§ Try it
Word for word, restate the lines from the one holding "Boys Love (Yaoi)" through the last line of the material below, and leave every picture out.

§ Data excerpt
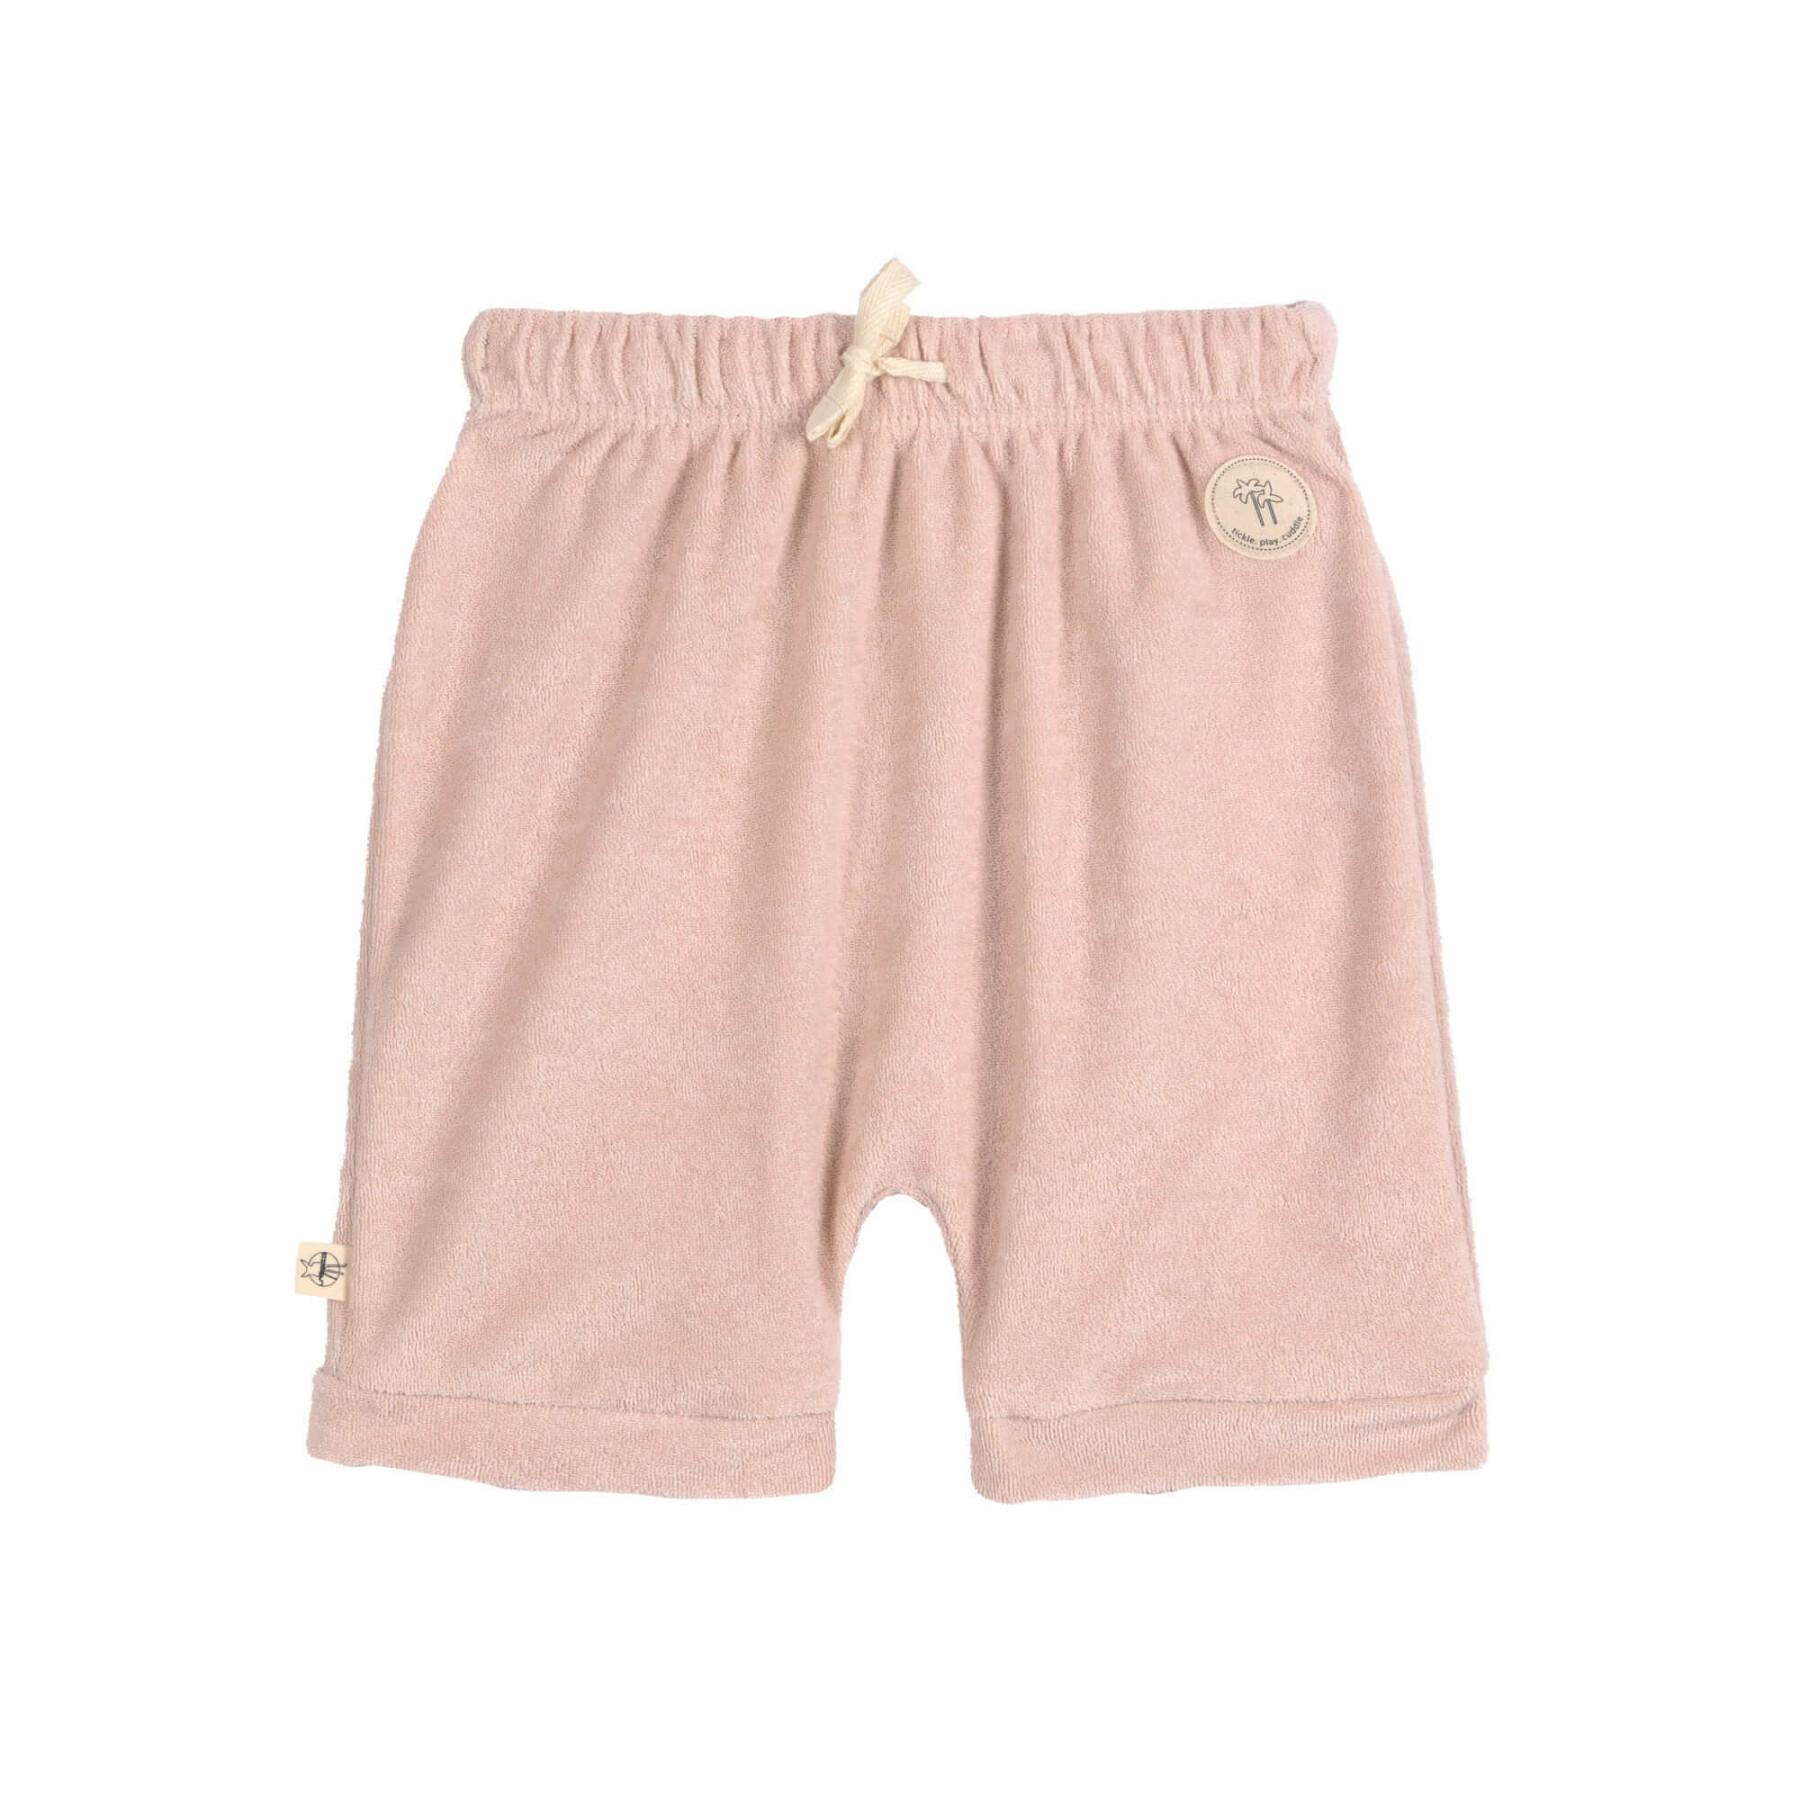 Pantalones cortos para bebés Lässig Terry
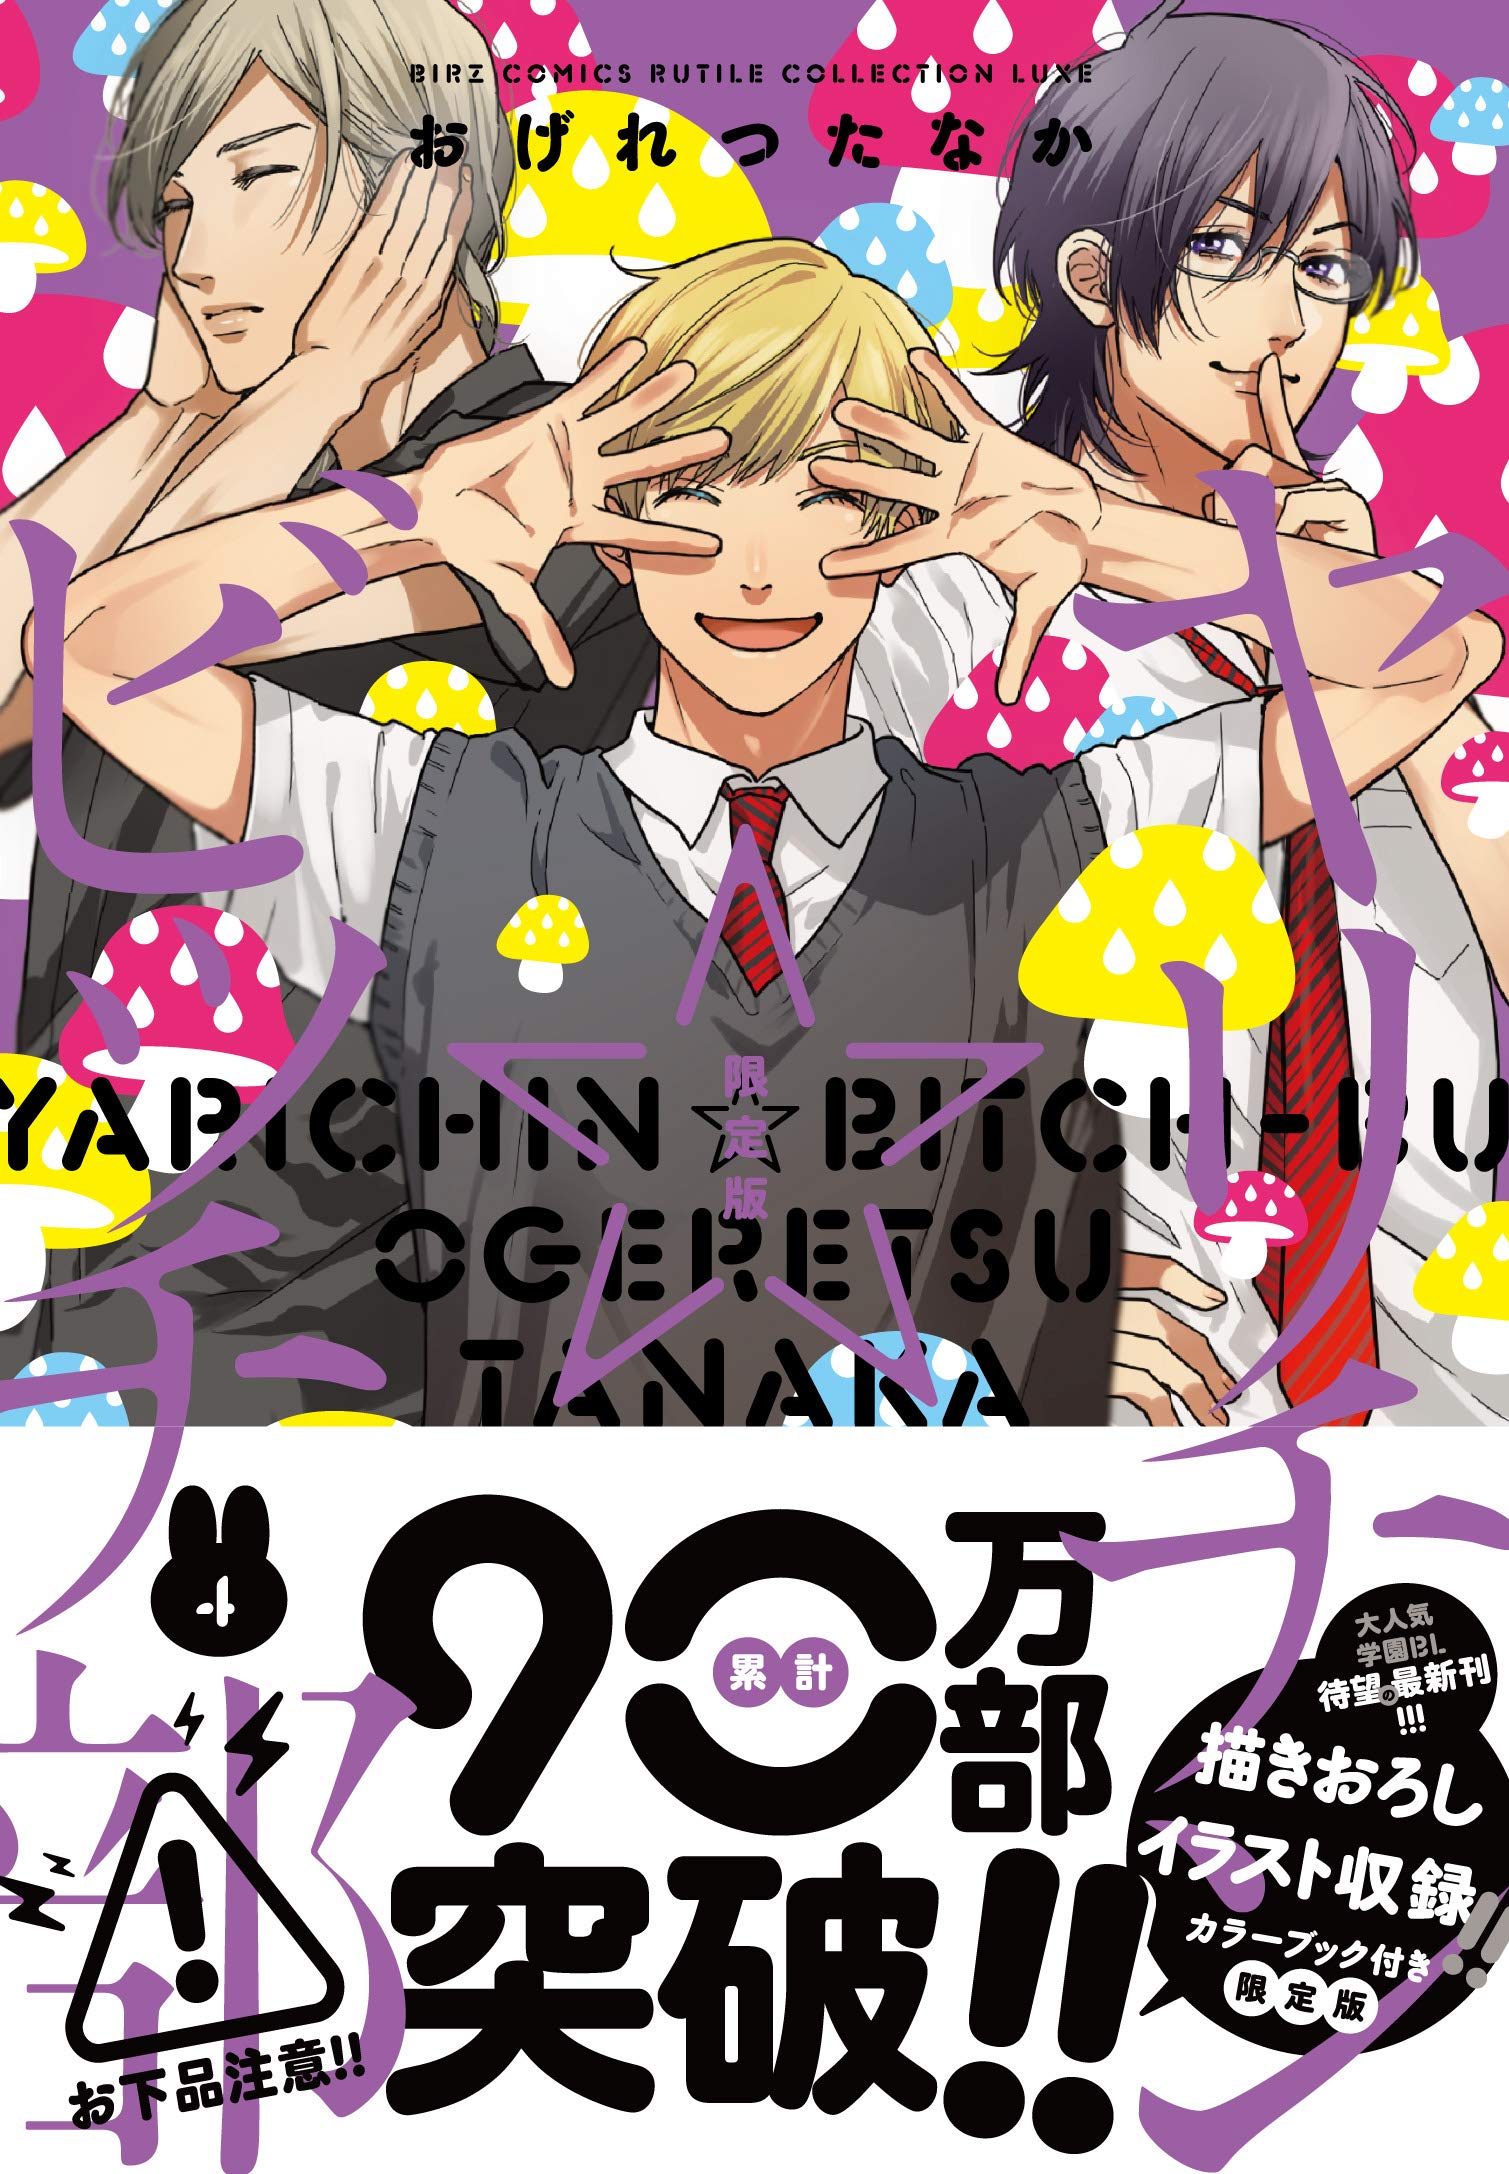 Boys Love (Yaoi) Comics - Yarichin☆Bitch-bu (ヤリチン☆ビッチ部 -4 限定版 (バーズコミックス ルチルコレクション リュクス)) / Ogeretsu Tanaka
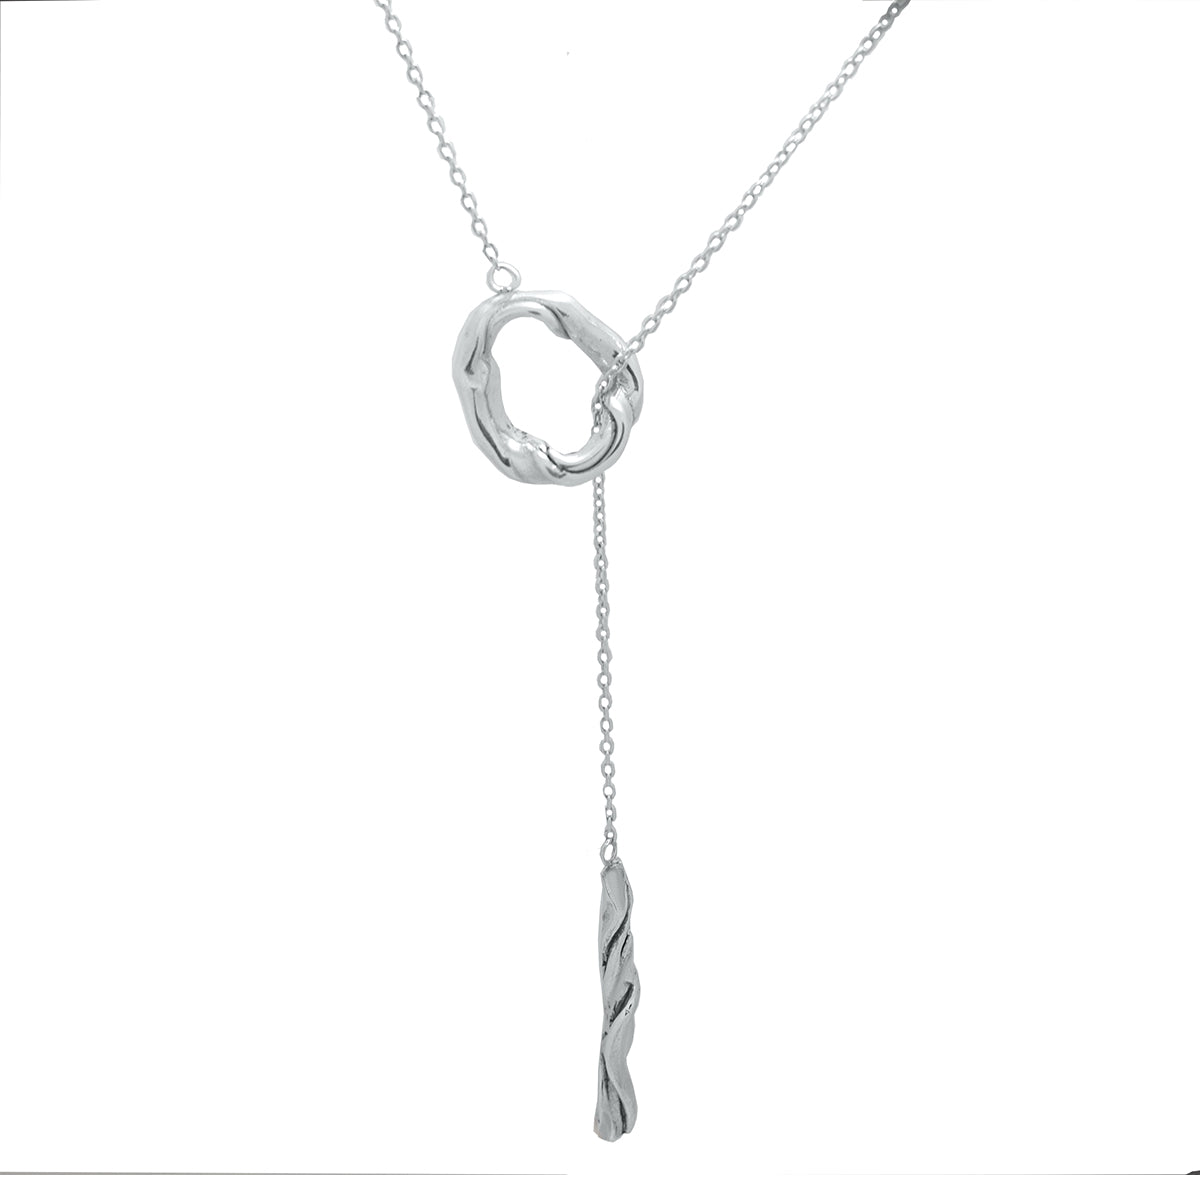 Necklace Jewelry Gold Silver Organic Handcrafted Handmade Fashion Design Custom Bespoke

§ Expected output
 Boys Love (Yaoi) Comics - Yarichin☆Bitch-bu (ヤリチン☆ビッチ部 -4 限定版 (バーズコミックス ルチルコレクション リュクス)) / Ogeretsu Tanaka
 Necklace Jewelry Gold Silver Organic Handcrafted Handmade Fashion Design Custom Bespoke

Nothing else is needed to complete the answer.